Resource synchronization based on data from external source in Terraform

As part of my setup in Terraform, I create users based on JSON objects. I want to ensure user synchronization.

The JSON object is the response from a custom Python script which is getting data from an external API. Based on this JSON I'm creating users. I need to remove them also.

Python script (api.py):

import json

data = {
    "test_team": {
        "members": [
            {"email": "abc@gmail.com", "name": "abc"},
            {"email": "abcdef@gmail.com", "name": "abcdef"}
        ]
    }
}

output = json.dumps(data)
print(output)

Terraform:

data "external" "python_output" {
  program = ["python", "${path.module}/api.py"]
}

locals {
  json_data = jsondecode(data.external.python_output.result)
  
  unique_mails = distinct(flatten([
    for team_key, team_data in local.json_data : [
      for member in team_data["members"] : member["email"]
    ]
  ]))
}

resource "user" "user" {
  for_each = { for email in local.unique_mails : email => email }
  name     = each.key
  role     = "user"
}

If the user is not on the list (missing key in JSON) Terraform should synchronize the change and remove the user (destroy resource user for missing user based on JSON)
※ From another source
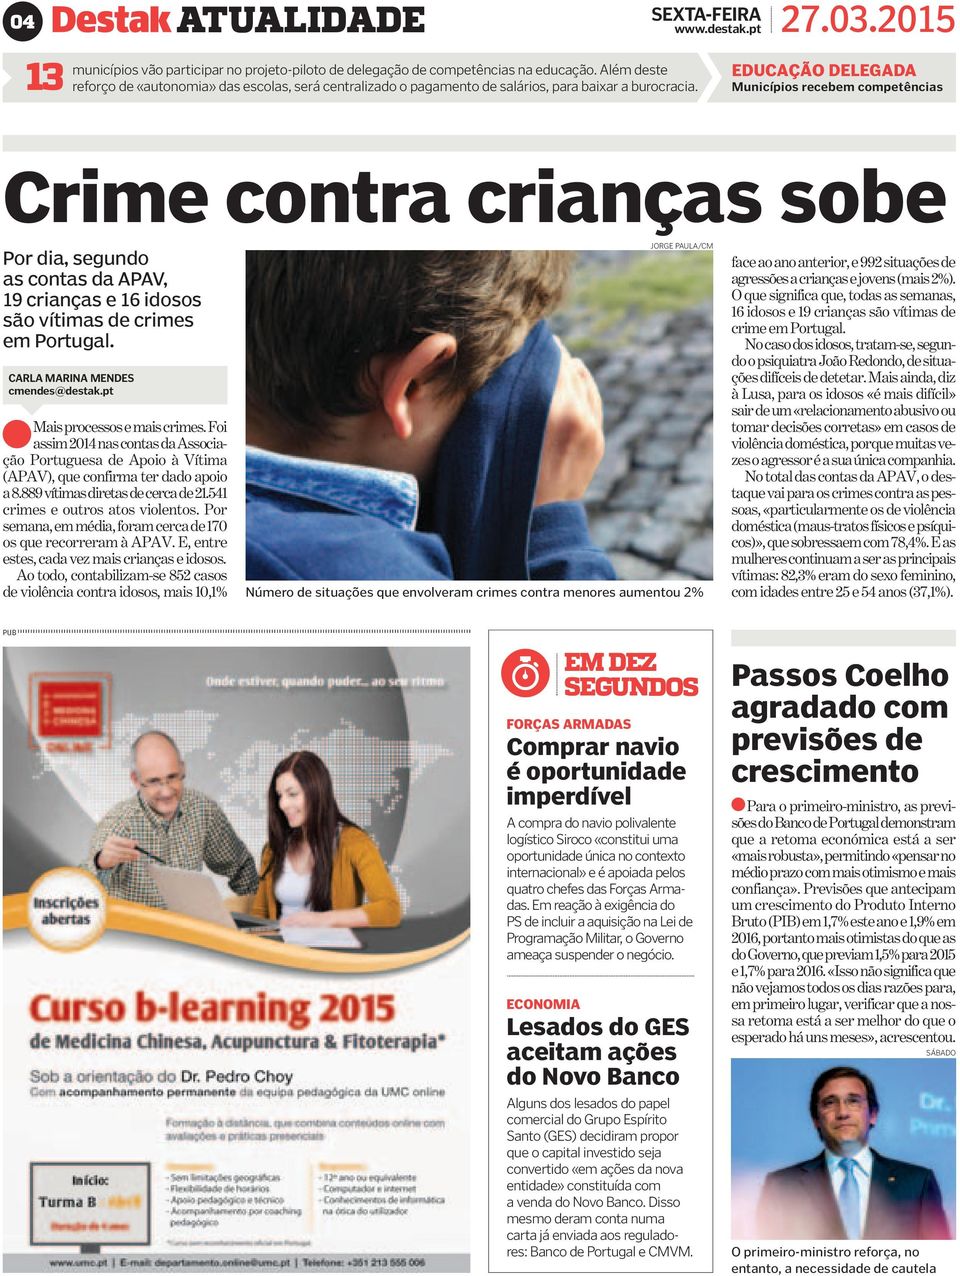 EDUCAÇÃO DELEGADA Municípios recebem competências Crime contra crianças sobe Por dia, segundo as contas da APAV, 19 crianças e 16 idosos são vítimas de crimes em Portugal.

How can I achieve it based on best practices in Terraform?

Solution

The main issue with external data source is that the program output must be a JSON encoded map of string keys and string values:

The program must then produce a valid JSON object on stdout, which will be used to populate the result attribute exported to the rest of the Terraform configuration. This JSON object must again have all of its values as strings. On successful completion it must exit with status zero.

In your case, your output is slightly different as you have arrays, and nested maps):

{
  "test_team": {
    "members": [
      {
        "email": "abc@gmail.com",
        "name": "abc"
      },
      {
        "email": "abcdef@gmail.com",
        "name": "abcdef"
      }
    ]
  }
}

If you'd like to only use the external data source, you would have to format your output in your script to be a map of string keys and string values. I don't recommend doing that, as:

it will add extra complexity to your script just to comply with Terraform internals
you will need extra decoding on Terraform anyway to transform your string/string map into a nested struct with maps and arrays (jsondecode won't transform that natively)

In your case, I recommend using an intermediate file to store the result of your script:

import json

data = {
    "test_team": {
        "members": [
            {"email": "abc@gmail.com", "name": "abc"},
            {"email": "abcdef@gmail.com", "name": "abcdef"}
        ]
    }
}

output = json.dumps(data)
with open('api_result.json', 'w') as f:
    f.write(output)

print('{}')

Here, there are 2 things to note:

we write the JSON to a dedicated file (here api_result.json)
we return a valid JSON ({}) if the script succeeds, as expected by external data source docs

Once this script is modified, you can use the local_file data source to read that file. You will need to add an explicit dependency (data.external.python_script) to be sure the file is read after your script run. From there, you can load the contents of api_result.json inside a local variable (json_data) with jsondecode, and do your own logic. Here's the final result (with comments for explanations):

// python script api.py is writing the result to api_result.json
data "external" "python_script" {
  program = ["python", "${path.module}/api.py"]
}

// this is the output of api.py
data "local_file" "python_output" {
  filename = "${path.module}/api_result.json"

  // we add an explicit dependency as this file will exist or be up-to-date after api.py has run
  depends_on = [data.external.python_script]
}

locals {
  // json_data is based on local_file content
  json_data = jsondecode(data.local_file.python_output.content)

  unique_mails = distinct(flatten([
    for team_key, team_data in local.json_data : [
      for member in team_data["members"] : member["email"]
    ]
  ]))
}

resource "user" "user" {
  for_each = { for email in local.unique_mails : email => email }
  name     = each.key
  role     = "user"
}

This will create one user resource per unique mail. If your api.py script :

adds a new user: a new user resource will be created for that user
removes an existing user: the corresponding user resource will be destroyed

If you'd like to test that behavior, you can define a local_file resource:

// will create one file per email
// filename = email, and content is empty as we don't care
resource "local_file" "test" {
  for_each = { for email in local.unique_mails : email => email }

  filename = "${path.module}/${each.key}"
  content  = ""
}

And check there are as many files created in your current directory than unique emails.

Since api_result.json may contain sensitive data (emails), I strongly suggest you to add it in .gitignore. Anyway, terraform apply will create that file again, so as long as the user or CI/CD process running the terraform command can run the script (e.g. it has Python installed), this file will be regenerated.